The communication between different hosts can be constructed into attributed graphs. These graphs contain huge number of latent features. For example, if the port usage of the two hosts is very similar, the distance of the two hosts in graphs should be close. These latent features cannot be extracted manually, but they are very helpful for machine learning-based algorithms.

In this paper, we propose a network anomaly detection method based on graph embedding. We convert the network traffic into first-order graph and second-order graph. The first-order graph learns the latent features from the perspective of a single host, and the second-order graph learns the latent features from a global perspective. This feature extraction process does not require manual participation or expert knowledge. We use these features to train machine learning algorithm classifiers for detecting network anomalies.

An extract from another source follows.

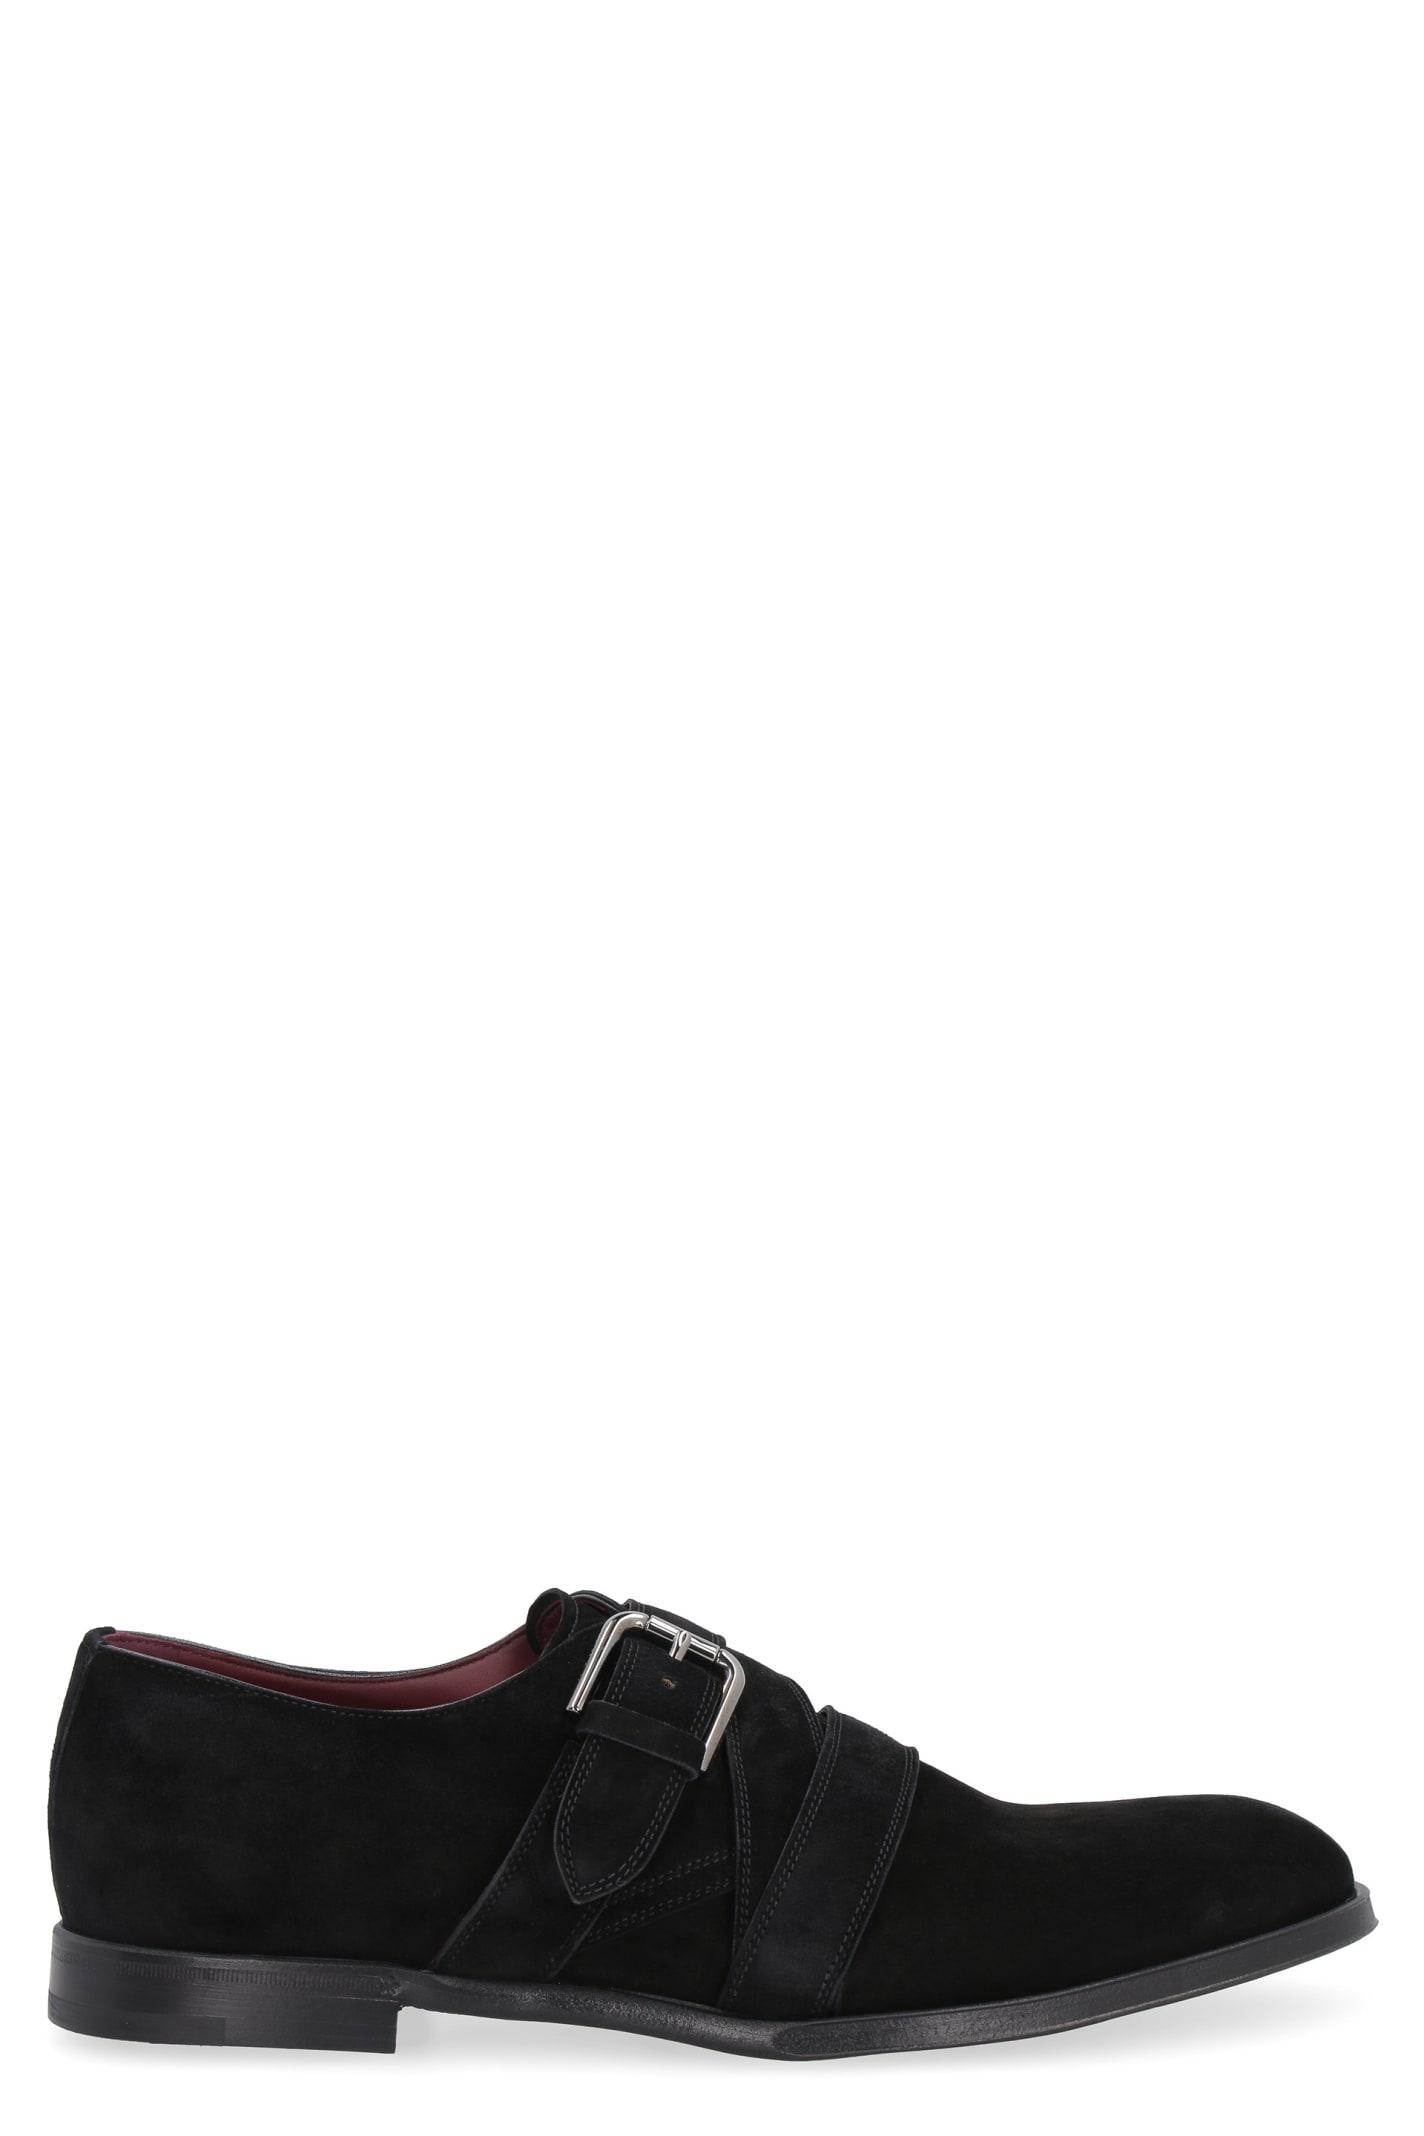 Dolce & Gabbana Suede Monk-strap Shoes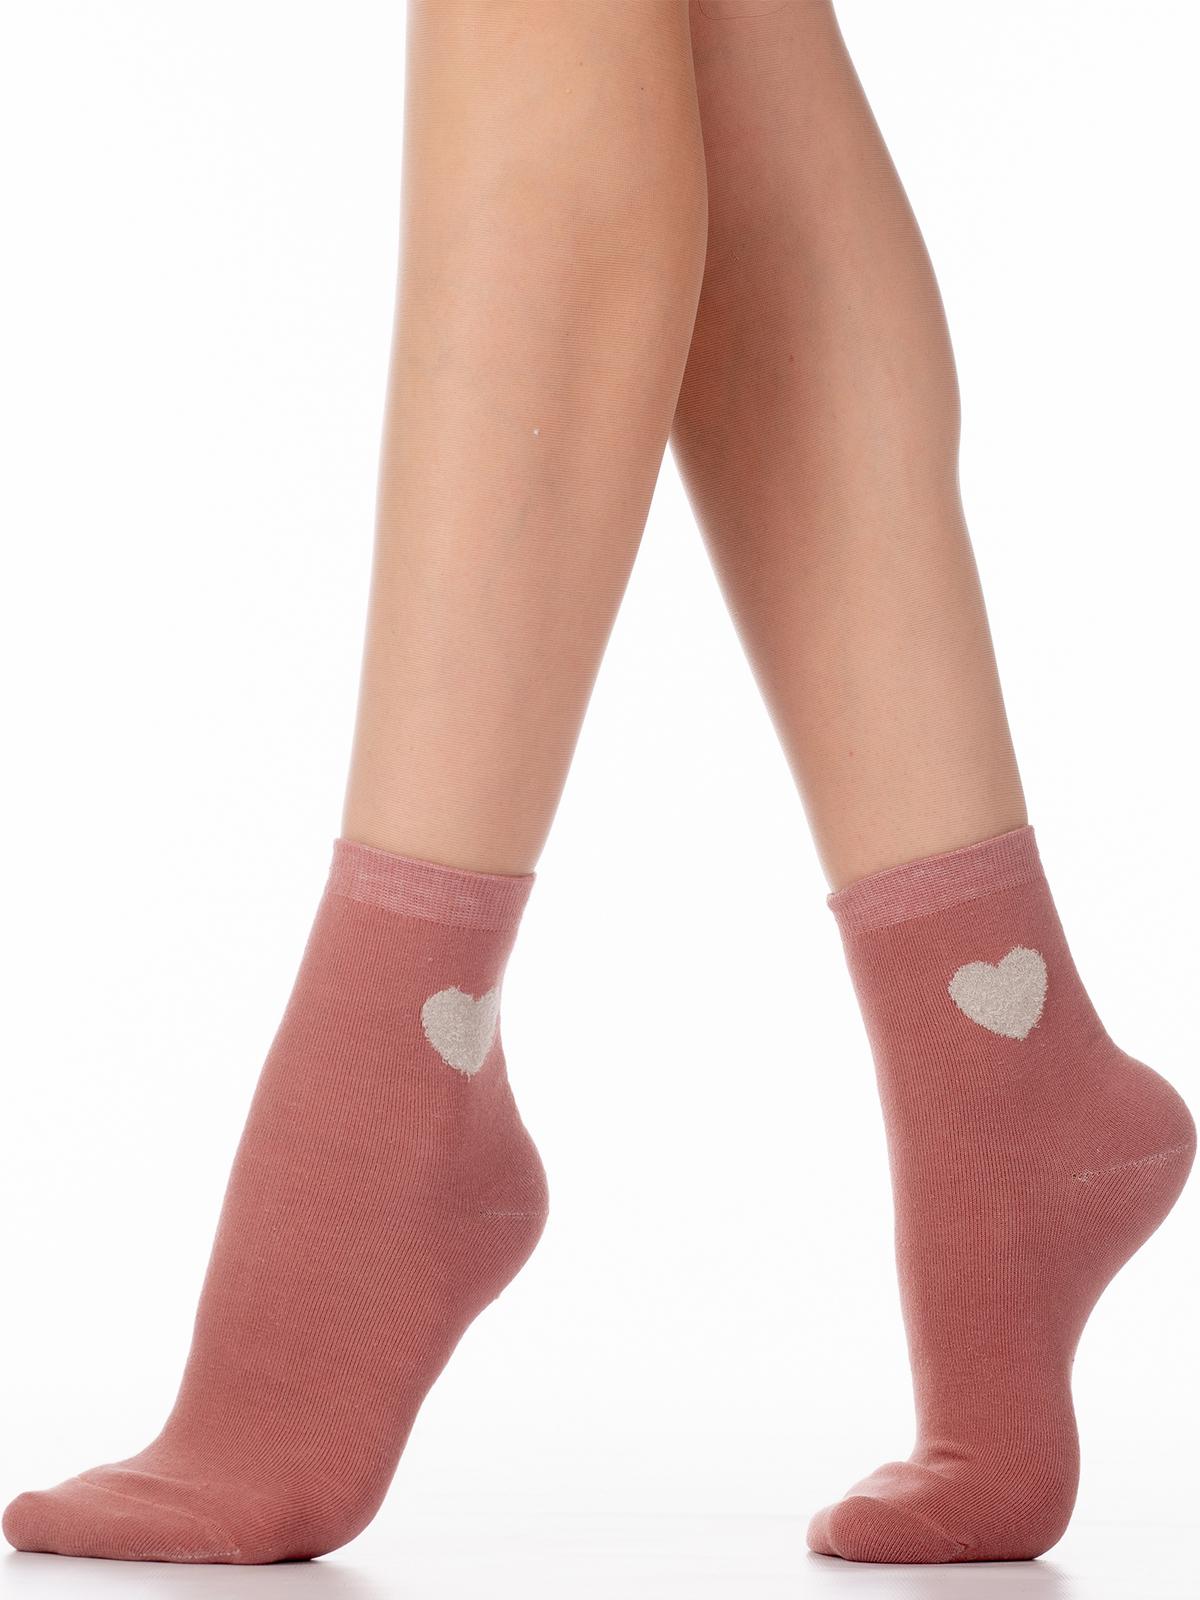 Носки женские Hobby Line HOBBY 3Д78 розовые 36-40

In general, our main contributions are as follows:

  • We propose first-order and second-order graph of network traffic, and learn the low-dimensional vector representation of the nodes in the diagram.

  • We design a network anomaly detection method based on graph embedding. By combining first-order and second-order low-dimensional vector representations of network traffic with several statistical features, it is possible to improve detection accuracy and detect unknown attacks.

  • We built a prototype of the network anomaly detection framework and evaluate the detection accuracy and the ability to discover unknown attacks on real-world datasets.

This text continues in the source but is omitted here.